‘Real hope’ for cancer cure as personal mRNA vaccine for melanoma trialled
Excitement among patients and researchers as custom-built jabs enter phase 3 trial
Doctors have begun trialling in hundreds of patients the world’s first personalised mRNA cancer vaccine for melanoma, as experts hailed its “gamechanging” potential to permanently cure cancer.
Melanoma affects about 132,000 people a year globally and is the biggest skin cancer killer. Currently, surgery is the main treatment although radiotherapy, medicines and chemotherapy are also sometimes used.
Now experts are testing new jabs that are custom-built for each patient and tell their body to hunt down cancer cells to prevent the disease ever coming back.
A phase 2 trial found the vaccines dramatically reduced the risk of the cancer returning in melanoma patients. Now a final, phase 3, trial has been launched and is being led by University College London Hospitals NHS Foundation Trust (UCLH).
Dr Heather Shaw, the national coordinating investigator for the trial, said the jabs had the potential to cure people with melanoma and are being tested in other cancers, including lung, bladder and kidney.

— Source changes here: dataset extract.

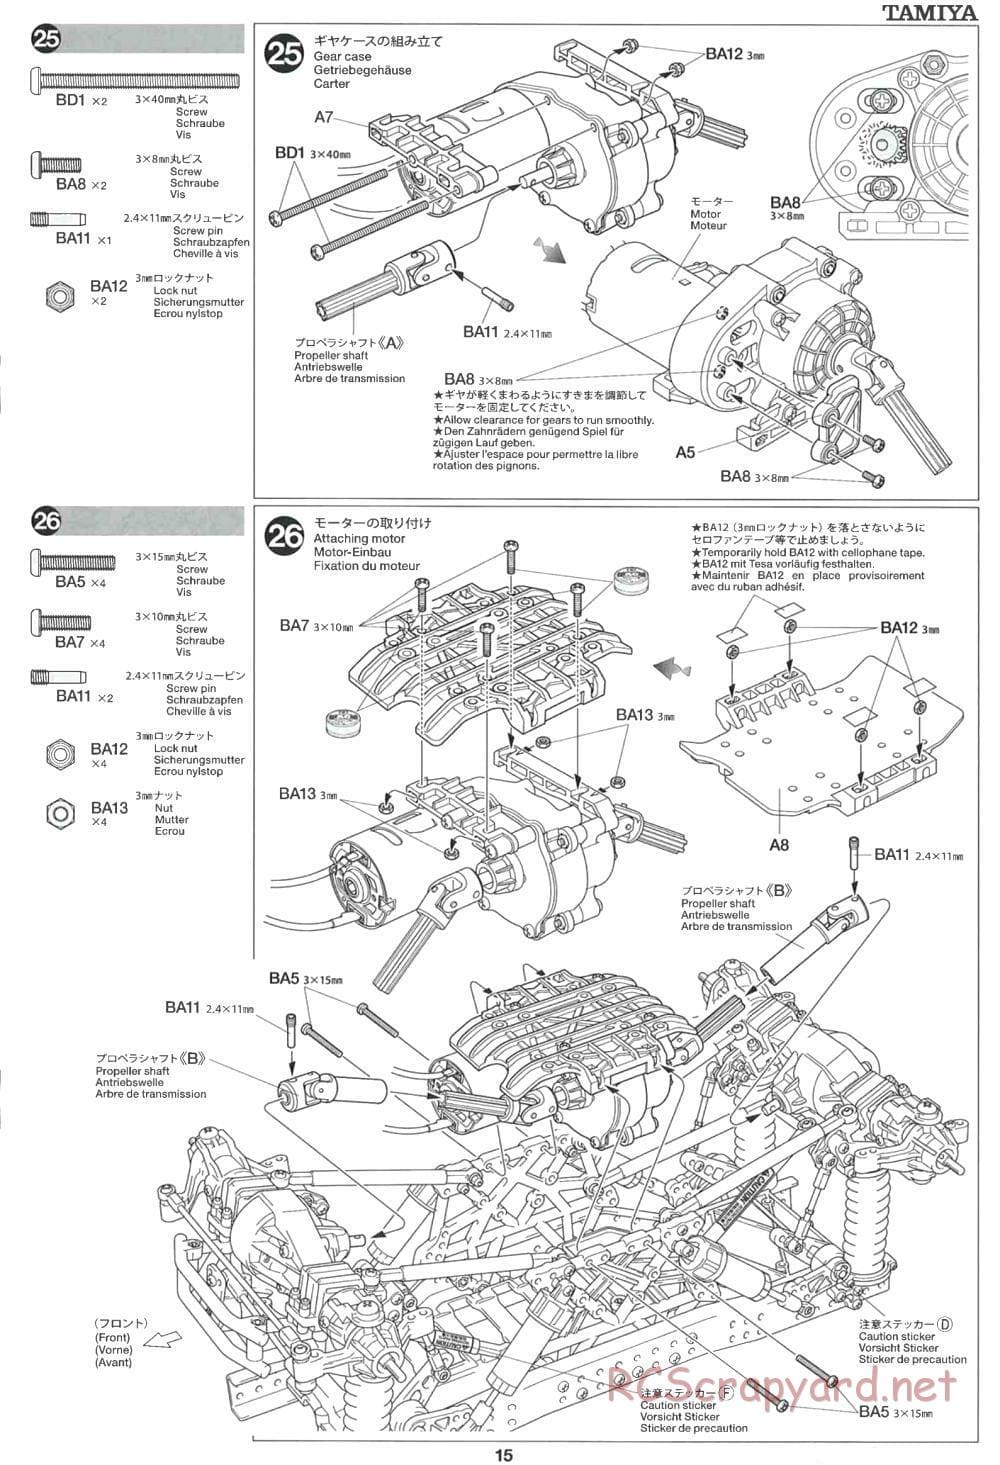 Tamiya - CR-01 Chassis - Manual - Page 15

“This is one of the most exciting things we’ve seen in a really long time,” said Shaw. “This is a really finely honed tool. To be able to sit there and say to your patients that you’re offering them something that’s effectively like the Fat Duck at Bray versus McDonald’s – it’s that level of cordon bleu that’s coming to them … The patients are really excited about them.”
The vaccine is an individualised neoantigen therapy. It is designed to trigger the immune system so it can fight back against a patient’s specific type of cancer and tumour.

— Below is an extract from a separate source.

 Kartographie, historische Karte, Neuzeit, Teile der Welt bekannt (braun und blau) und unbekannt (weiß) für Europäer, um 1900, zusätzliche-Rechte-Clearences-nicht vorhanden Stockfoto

Known as mRNA-4157 (V940), the vaccine targets tumour neoantigens, which are expressed by tumours in a particular patient. These are markers on the tumour that can potentially be recognised by the immune system.
The jab carries coding for up to 34 neoantigens and activates an anti-tumour immune response based on the unique mutations in a patient’s cancer.
To personalise it, a sample of tumour is removed during the patient’s surgery, followed by DNA sequencing and the use of artificial intelligence. The result is a custom-built anti-cancer jab that is specific to the patient’s tumour.
“This is very much an individualised therapy and it’s far cleverer in some senses than a vaccine,” said Shaw. “It is absolutely custom-built for the patient – you couldn’t give this to the next patient in the line because you wouldn’t expect it to work.
“They may have some shared new antigens, but they’re likely to have their own very individual new antigens that are important to their tumour and so, therefore, it is truly personalised.”
The ultimate aim to permanently cure patients of their cancer, Shaw said. “I think there is a real hope that these will be the gamechangers in immunotherapy,” she said.
Phase 2 data found people with serious high-risk melanomas who had the jab alongside the immunotherapy Keytruda were almost half (49%) as likely to die or have their cancer come back after three years than those who were given only Keytruda.
Patients received 1mg of the mRNA vaccine every three weeks for a maximum of nine doses, and 200mg of Keytruda every three weeks (maximum 18 doses) for about a year.
The phase 3 global trial will now include a wider range of patients, and aims to recruit about 1,100 people. The UK arm aims to recruit at least 60 to 70 patients across eight centres, including in London, Manchester, Edinburgh and Leeds.
One of the first patients on the trial at UCLH is Steve Young, 52, from Stevenage in Hertfordshire. “I’m really, really excited,” he said. “This is my best chance at stopping the cancer in its tracks.”